Table of content
Overview
The Maestro record example demonstrates audio processing on the ARM cortex core utilizing the Maestro Audio Framework library.
The application is controlled by commands from a shell interface using serial console.
Depending on target platform or development board there are different modes and features of the demo supported.
- Loopback - The application demonstrates a loopback from the microphone to the speaker without any audio processing.
- File recording - The application takes audio samples from the microphone inputs and stores them to an SD card as an PCM file. The PCM file has following parameters:
- Mono and stereo : 2 channels, 16kHz, 16bit width
- Multi-channel (AUD-EXP-42448): 8 channels, 16kHz, 32bit width
- Voice control - The application takes audio samples from the microphone input and uses the VIT library to recognize wake words and voice commands. If a wake word or a voice command is recognized, the application write it to the serial terminal.
- Encoding - The application takes PCM samples from memory and sends them to the Opus encoder. The encoded data is stored in memory and compared to a reference. The result of the comparison is finally written into the serial terminal.
As shown in the table below, the application is supported on several development boards, and each development board may have certain limitations, some development boards may also require hardware modifications or allow to use of an audio expansion board. Therefore, please check the supported features and Hardware modifications or Example configuration sections before running the demo.
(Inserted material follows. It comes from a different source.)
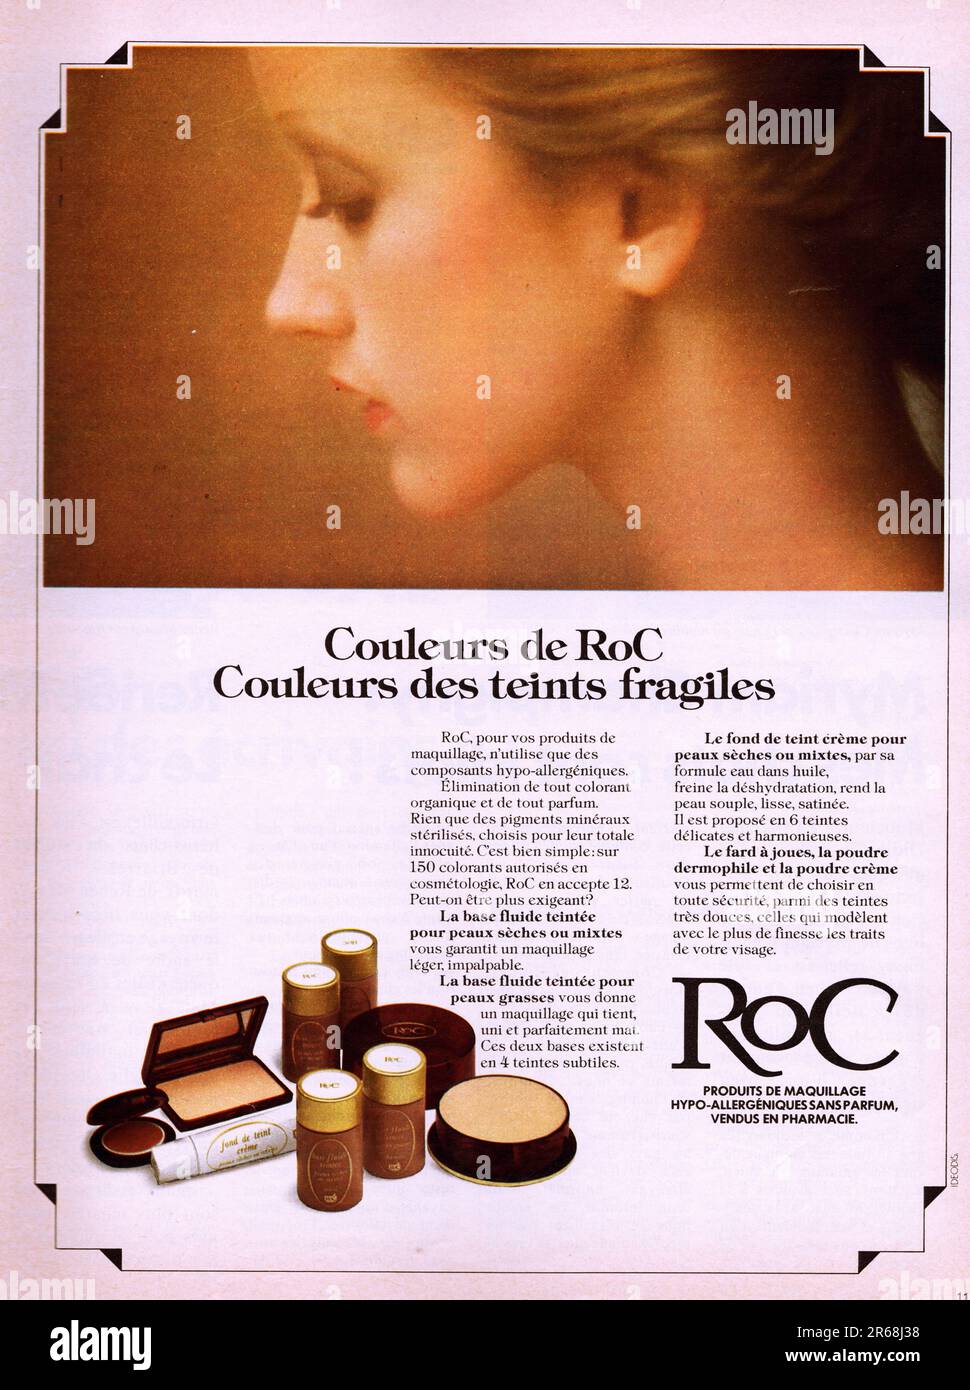 RoC publicite Roc make up French advertisement couleurs de Roc Roc advertising poster RoC vintage magazine commercial Stock Photo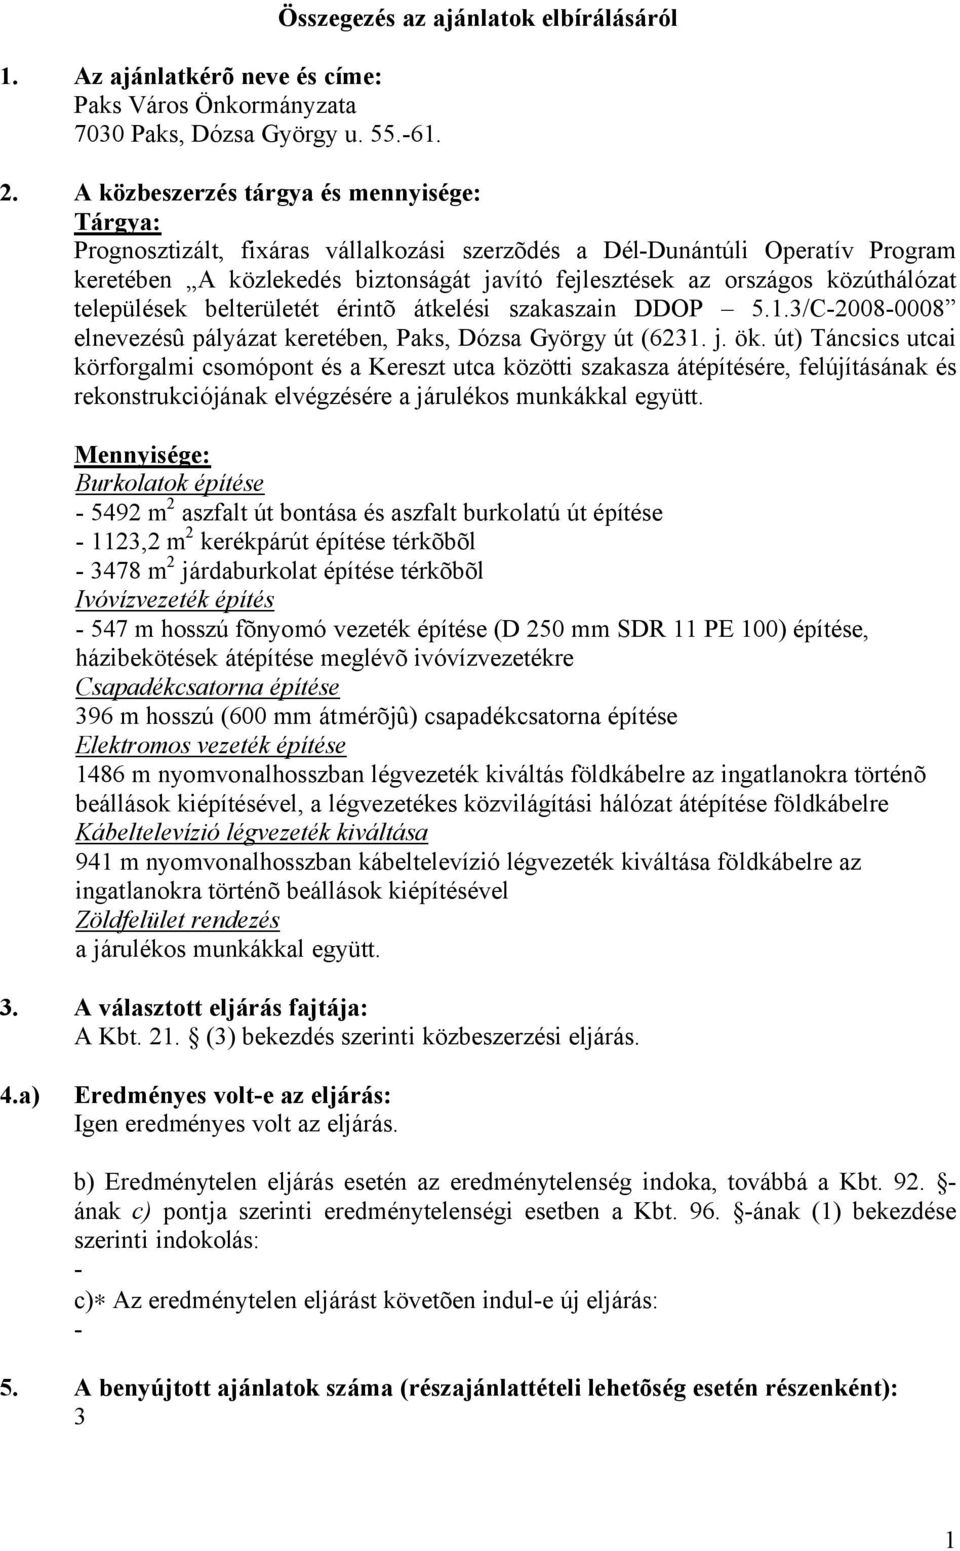 közúthálózat települések belterületét érintõ átkelési szakaszain DDOP 5.1.3/C-2008-0008 elnevezésû pályázat keretében, Paks, Dózsa György út (6231. j. ök.

Mode | Loopback | File recording | Voice control | Encoding |
Feature | Audio input / output [num of channels] | Audio inputs [num of channels] | Audio inputs [num of channels] | Additional libraries | Encoder |
On board codec | DMICs | aud-exp-42448 | On board codec | DMICs | aud-exp-42448 | On board codec | DMICs | aud-exp-42448 | VIT | VoiceSeeker | OPUS |
EVKC-MIMXRT1060 | 1 / 1 | X | 1-6 / 1-6 | 1 | X | 1-6 | 1 | X | 1-2 | OK | OK | OK |
EVKB-MIMXRT1170 | 0 / 1-2 | 1-2 | X | X | 1-2 | X | X | 1-2 | X | OK | OK | OK |
LPCXpresso55s69 | 1-2 / 1-2 | X | X | 1-2 / 1-2 | X | X | 1 | X | X | OK | X | X |
EVK-MCXN5XX | 1-2 / 1-2 | X | X | 1-2 | X | X | 1-2 | X | X | OK | X | OK |
RW612BGA | 0 / 1-2 | 1-2 | X | X | X | X | X | 1-2 | X | OK | OK | X |
RW612QFN | 0 / 1-2 | 1-2 | X | X | X | X | X | 1-2 | X | OK | OK | X |
Limitations:
- Addition labraries
- VIT:
- The VIT is supported only in the MCUXpresso IDE.
- LPCXpresso55s69 - The VIT is disabled by default due to insufficient memory. To enable it, see the Example configuration section.
- VoiceSeeker:
- The VoiceSeeker is supported only in the MCUXpresso IDE.
- Encoder
- OPUS:
- LPCXpresso55s69 - The encoder is not supported due to insufficient memory.
- The File recording mode is not supported on RW612BGA and RW612QFN development boards due to missing SD card slot.
Known issues:
- EVKB-MIMXRT1170 - After several tens of runs (the number of runs is not deterministic), the development board restarts because a power-up sequence is detected on the RESET pin (due to a voltage drop).
More information about supported features can be found on the Supported features page.
Hardware requirements
- Desired development board
- Micro USB cable
- Headphones with 3.5 mm stereo jack
- Personal computer
- Optional:
- LPCXpresso55s69:
- Source of sound with 3.5 mm stereo jack connector
Hardware modifications
Some development boards need some hardware modifications to run the application. If the development board is not listed here, its default setting is required.
- EVKB-MIMXRT1170:
- Please remove below resistors if on board wifi chip is not DNP:
- Please make sure R136 is weld for GPIO card detect.
- EVK-MCXN5XX:
- Short: JP7 2-3, JP8 2-3, JP10 2-3, JP11 2-3
- RW612BGA and RW612QFN:
- Connect: JP50; Disconnect JP9, JP11
Preparation
- Connect a micro USB cable between the PC host and the debug USB port on the development board
- Open a serial terminal with the following settings:
- 115200 baud rate
- 8 data bits
- No parity
- One stop bit
- No flow control
- Download the program to the target board.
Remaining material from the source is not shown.